Timetricks adds in an anomaly field generator. The anomaly field generator allows that sort of paradox to exist. Each team gets one for a mission, allowing them to eliminate part of their mission by leaving a message for themselves.

In the above example, if the team had used the anomaly field generator to leave the message for themselves, they would not have needed to make the trip to 1917. This eliminates that trip to 1917, so the agents can take later missions to that year without worrying about loop trapping themselves.

Looper

The law against not meeting yourself is due to the dreaded loop trap. An agent who tries to coexist with a past or future version of herself will merge with the past version and be doomed for repeat the loop for eternity. Or until another time traveler breaks her out of it.

The looper allows limited coexistence with another version of yourself. It gives an agent one hour of freedom from loop trap effects. That's an hour to meet with a past version of yourself and provide advice or assistance. Or just an hour in the same time period, doing something totally unrelated to what your past self is doing.

After the hour, normal loop trapping applies.

Self Eliminating Missions

The normal rule preventing paradoxes has one interesting exception. An agent who can manage to prevent the change in history that originally triggered the mission will eliminate the mission itself.

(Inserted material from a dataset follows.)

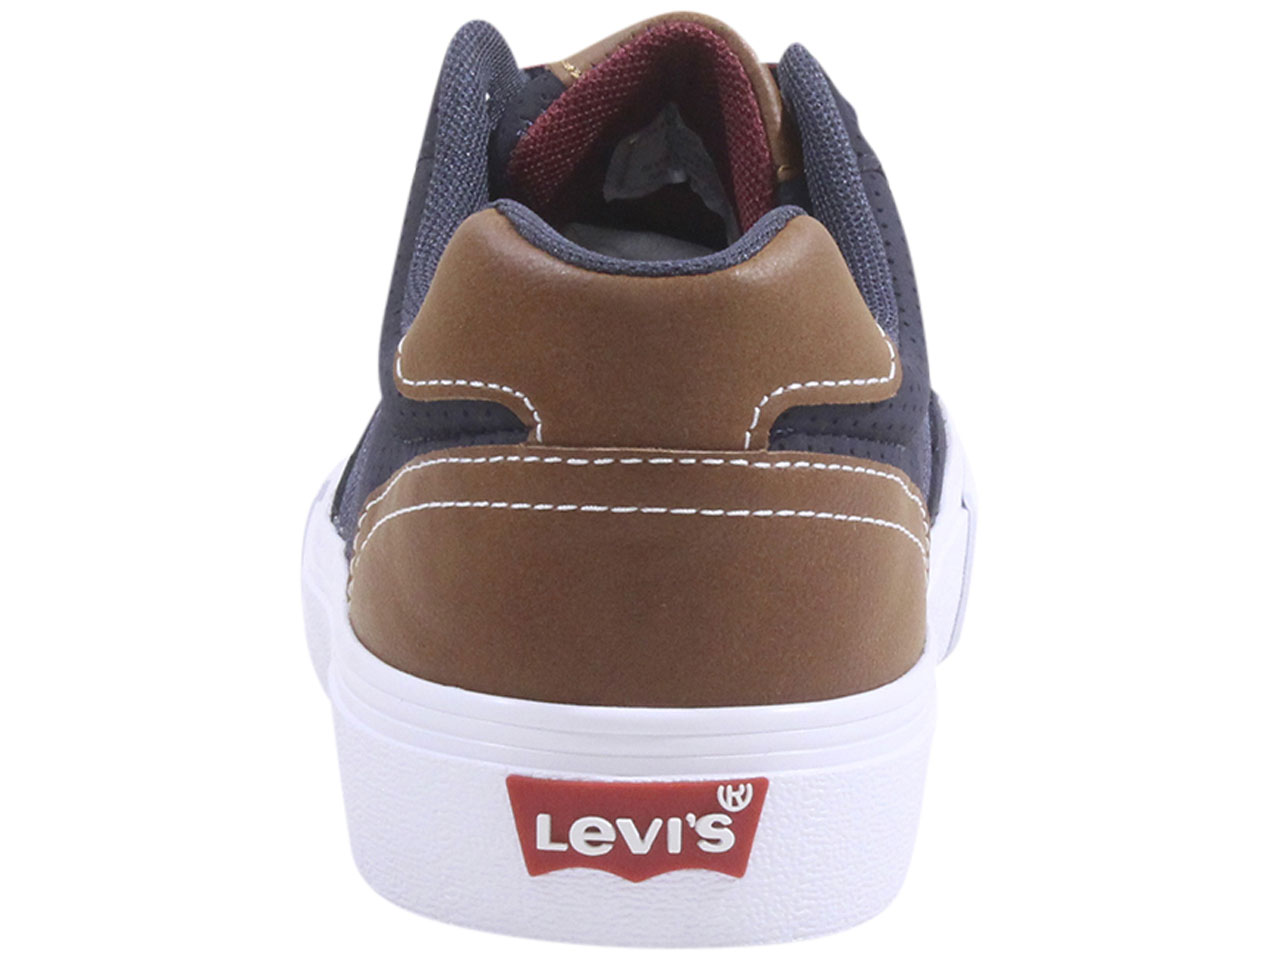 Levis Men's Lancer Sneakers Low Top Lace Up Perforated Navy/Burgundy Sz. 13  
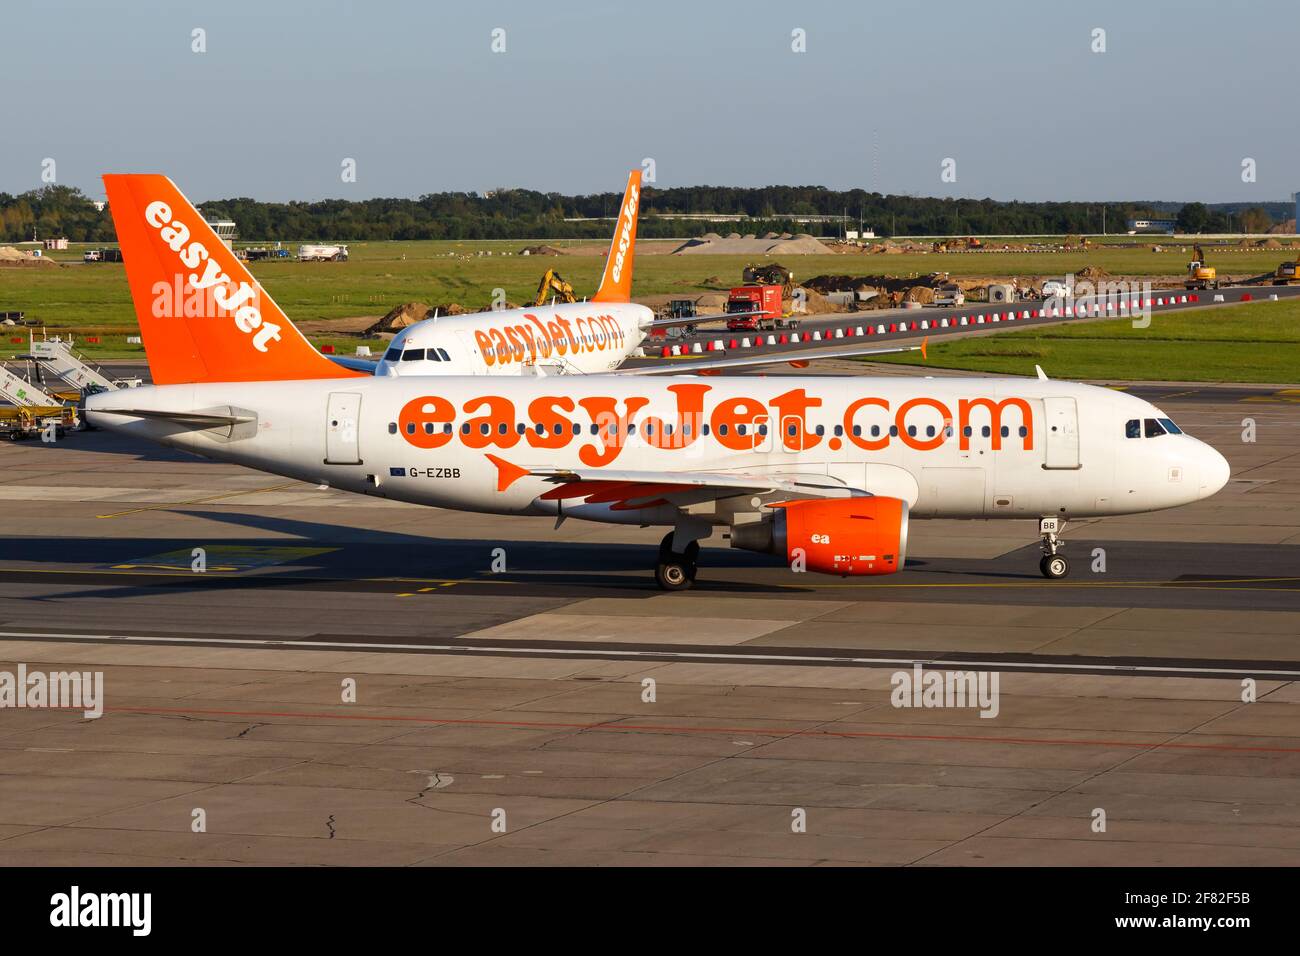 Berlin, Germany – August 29, 2017: easyJet Airbus A319 airplanes at Berlin Schoenefeld airport (SXF) in Germany. Airbus is a European aircraft manufac Stock Photo

The effects of the mission still exist, so the plot to change time was foiled, but the presence of the agent in the past is totally eliminated.

This is due to the Law of Death described in the basic Timemaster game. Any time traveler who dies will still die at the appointed time. So if agents ambush the renegades just as the renegades arrive in the past and kill them all, those renegades will still drop dead just after arriving in the past. Even though the agents themselves were not sent on the mission!

Timetricks also allows self-eliminating missions just by rendering the opposition ineffective. For example, sending renegades off to the Prison Parallel instead of killing them. While that doesn't make sense in the context of the temporal laws of the game, it's a nice option for groups that don't like indiscriminate killing.

Agents can still earn experience from self-eliminating missions, since their Paranormal Memory talent will allow them to remember missions that didn't actually take place.

Standard Dating System

Timetricks introduces the idea of elapsed time, or what they call the Standard Dating System (SDS).

SDS allows the GM to figure out how much time has actually elapsed for each agent in missions that involve complex hops. This can be important if an agent dies, or an agent eliminates part of her presence in the mission.

For example, say two agents travel back and spend three weeks in the target time, investigating, only to be ambushed by Demoreans. They kill the Demoreans but one of the agents is killed as well. The surviving agent can travel back and take out the Demoreans as soon as they arrive, eliminating the entire mission.

The agent who died now has three weeks to prepare for their eventual death. The Time Corps maintains pleasure resorts in different times for agents in this circumstance.

New Paranormal Talents & Skills

Timetricks introduces new paranormal talents for both agents and Demoreans. The new talents are basically super versions of the existing ones, designed for agents that want to specialize. For example, an agent with normal Memory Restoration can only restore the memory of one person. The new Mass Memory Restoration, which that agent could take as they gain experience, allows a group of people to be affected.

There are also additional skills. These aren't necessarily advanced versions of existing skills, but mostly skills that were missing from the basic game.

Advice for the GM

There's also tons of advice for the GM. For example, several neat tricks that are possible with the looper and anomaly field generator are detailed, so that GMs can start to think about how her players might abuse them.

Timetricks works as a sourcebook for any time travel role playing game; if you're using Timemaster, it's a must have to transform your adventures from standard fare to temporal hijinks.